What is Artificial Intelligence ?
Artificial intelligence technology for CCTV Cameras
Artificial intelligence solutions for CCTV Cameras Companies
There has never been a better time to protect your property with CCTV; modern innovations have allowed security camera companies
to create high-definition, fully manoeuvrable, internet-connecting
cameras that provide their operators with an even wider range of
flexibility than ever before. So where next for the CCTV camera
industry? Regardless of the industry in mind,
automation seems to be the next step in their evolution – and CCTV is no
different. Machine learning techniques are being tested in the hope
that they’ll provide CCTV cameras with the ability to spot ‘troubling
behaviour’ without the need for a human operator.
What is Artificial Intelligence ?
Artificial intelligence (AI) is an area
of computer science that emphasizes the creation of intelligent
machines that work and react like humans. Some of the activities
computers with artificial intelligence are designed for include:
Speech recognition
Learning
Planning
Problem solving
Techopedia explains Artificial Intelligence (AI)
Artificial intelligence is a branch of
computer science that aims to create intelligent machines.
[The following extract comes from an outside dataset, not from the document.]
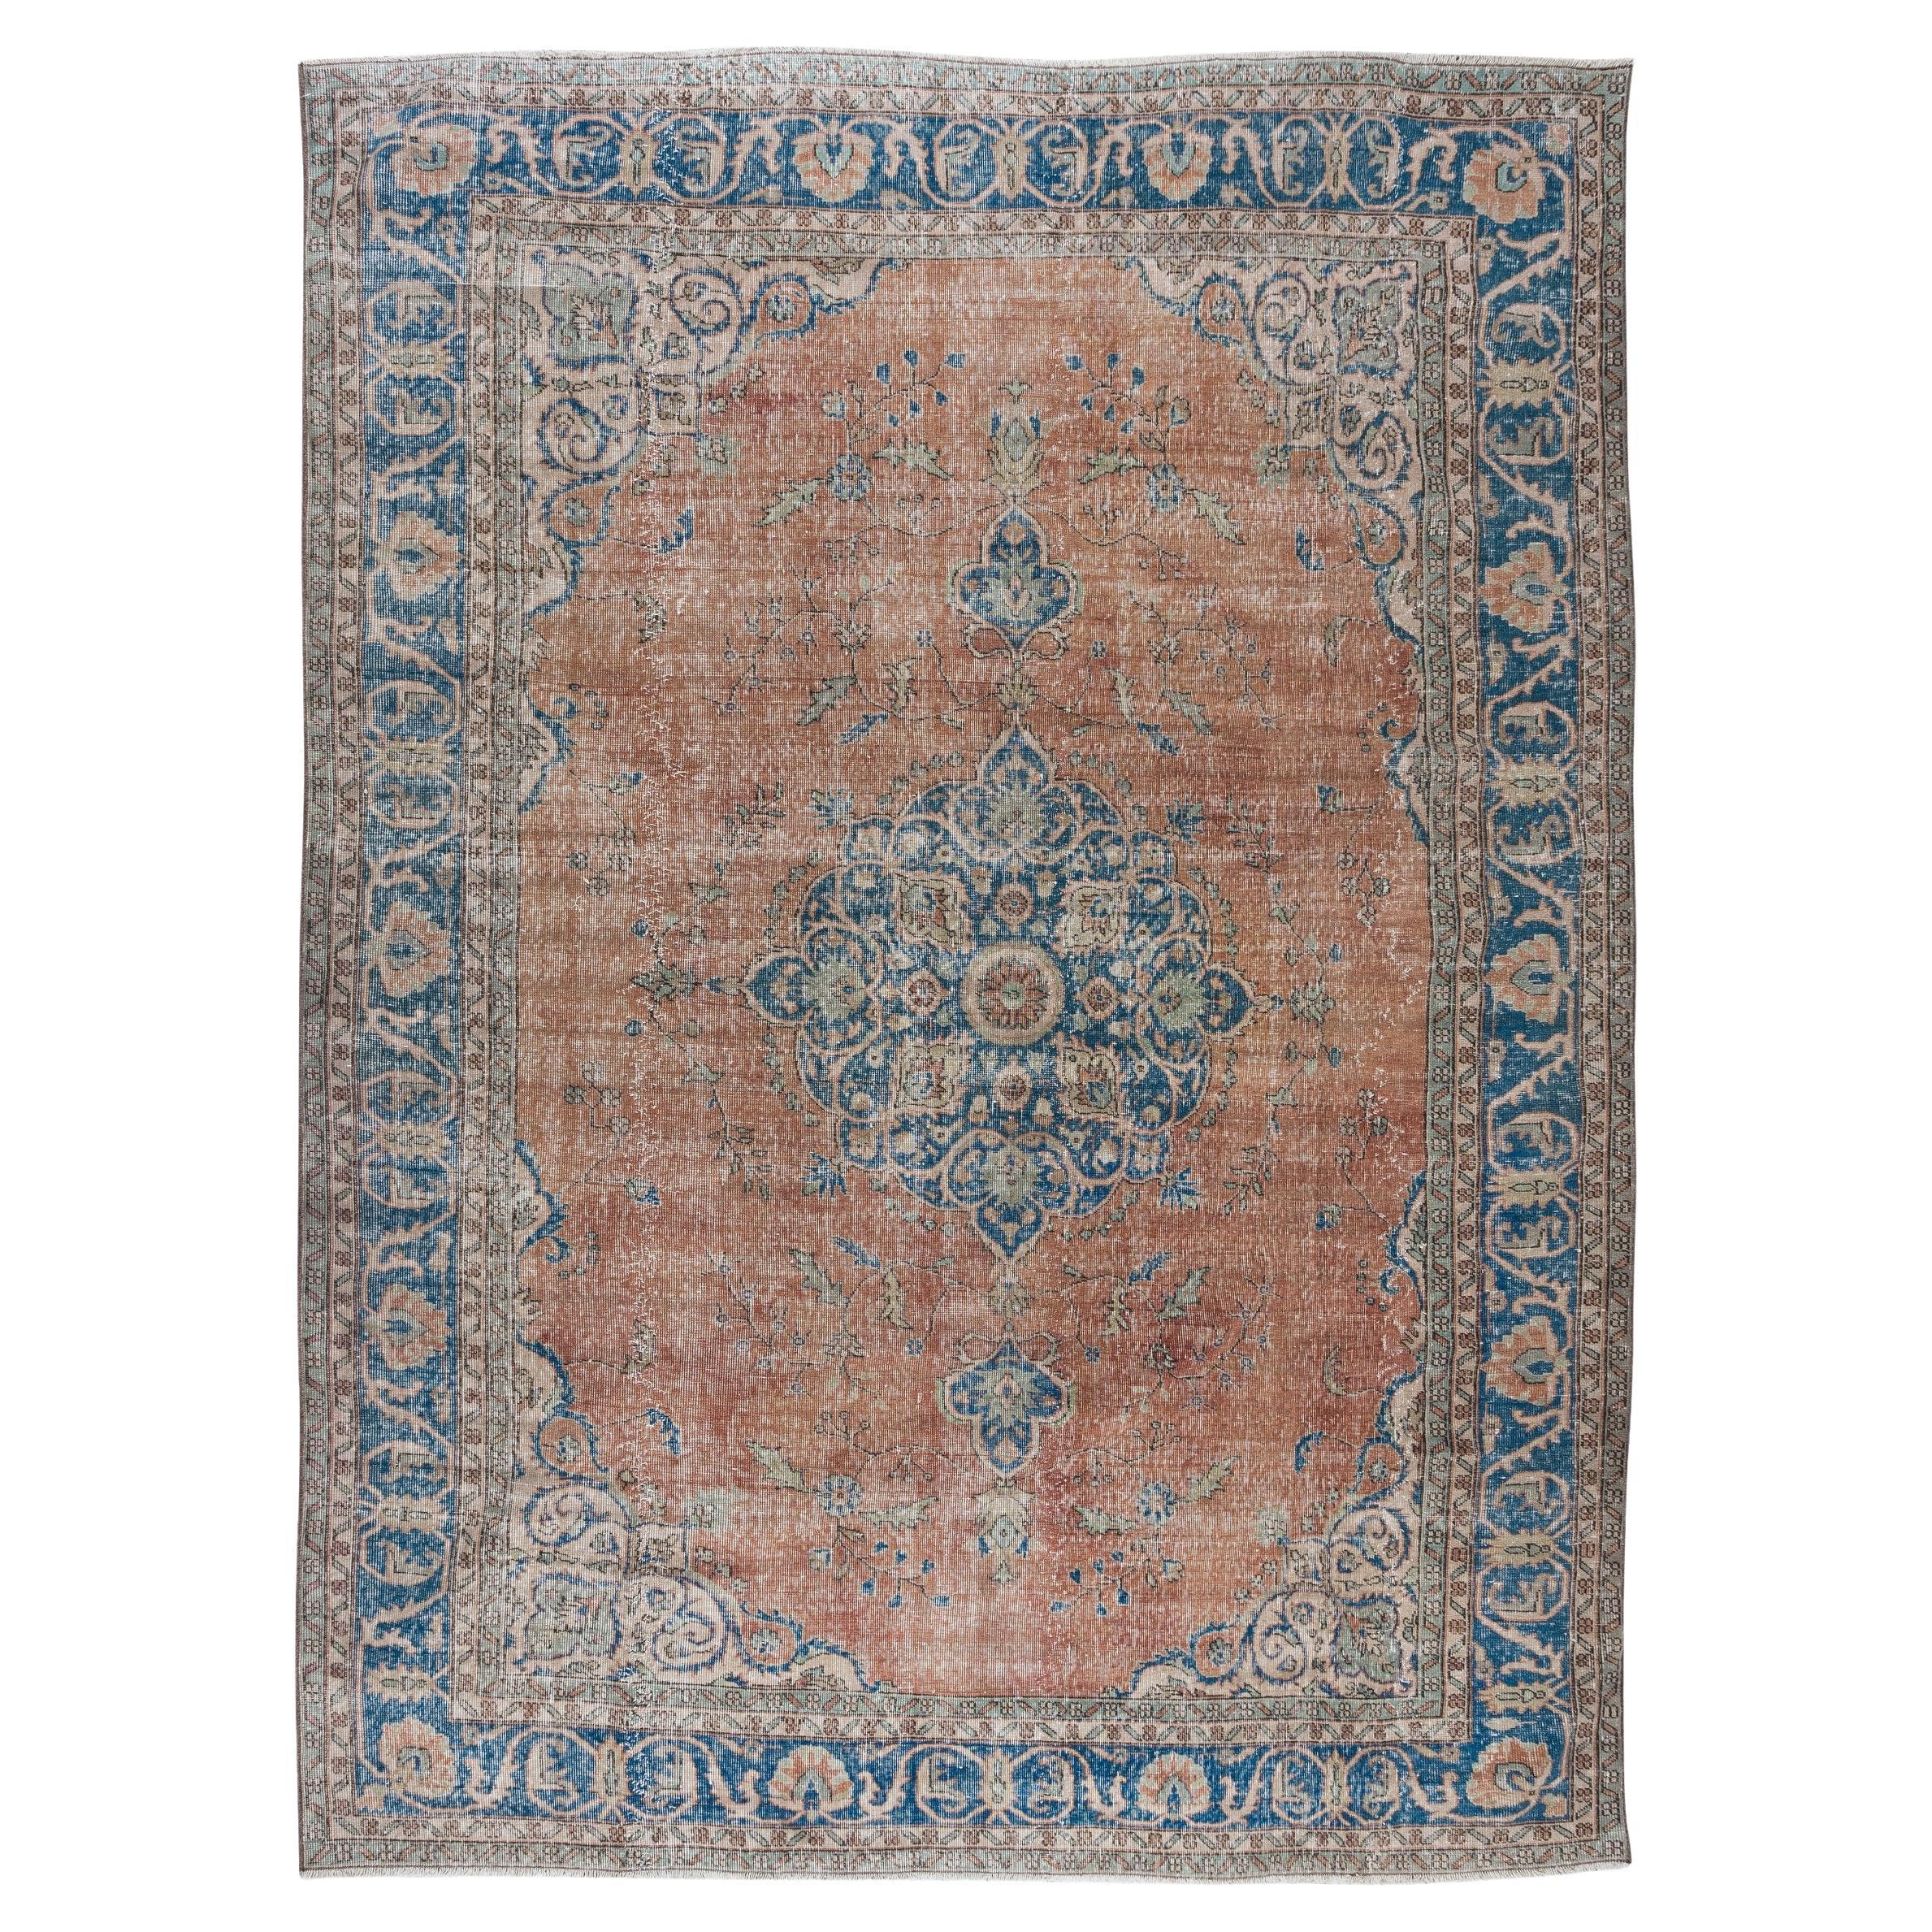 8.3x11.5 Ft One-of-a-Kind Turkish Area Rug, Traditional Vintage Handmade Carpet

It has become
an essential part of the technology industry. Research associated with artificial
intelligence is highly technical and specialized. The core problems of
artificial intelligence include programming computers for certain traits
such as:
Knowledge
Reasoning
Problem solving
Perception
Learning
Planning
Ability to manipulate and move objects
Knowledge engineering is a core part of
AI research. Machines can often act and react like humans only if they
have abundant information relating to the world. Artificial intelligence
must have access to objects, categories, properties and relations
between all of them to implement knowledge engineering. Initiating
common sense, reasoning and problem-solving power in machines is a
difficult and tedious task.
Machine learning is also a core part
of AI. Learning without any kind of supervision requires an ability to
identify patterns in streams of inputs, whereas learning with adequate
supervision involves classification and numerical regressions.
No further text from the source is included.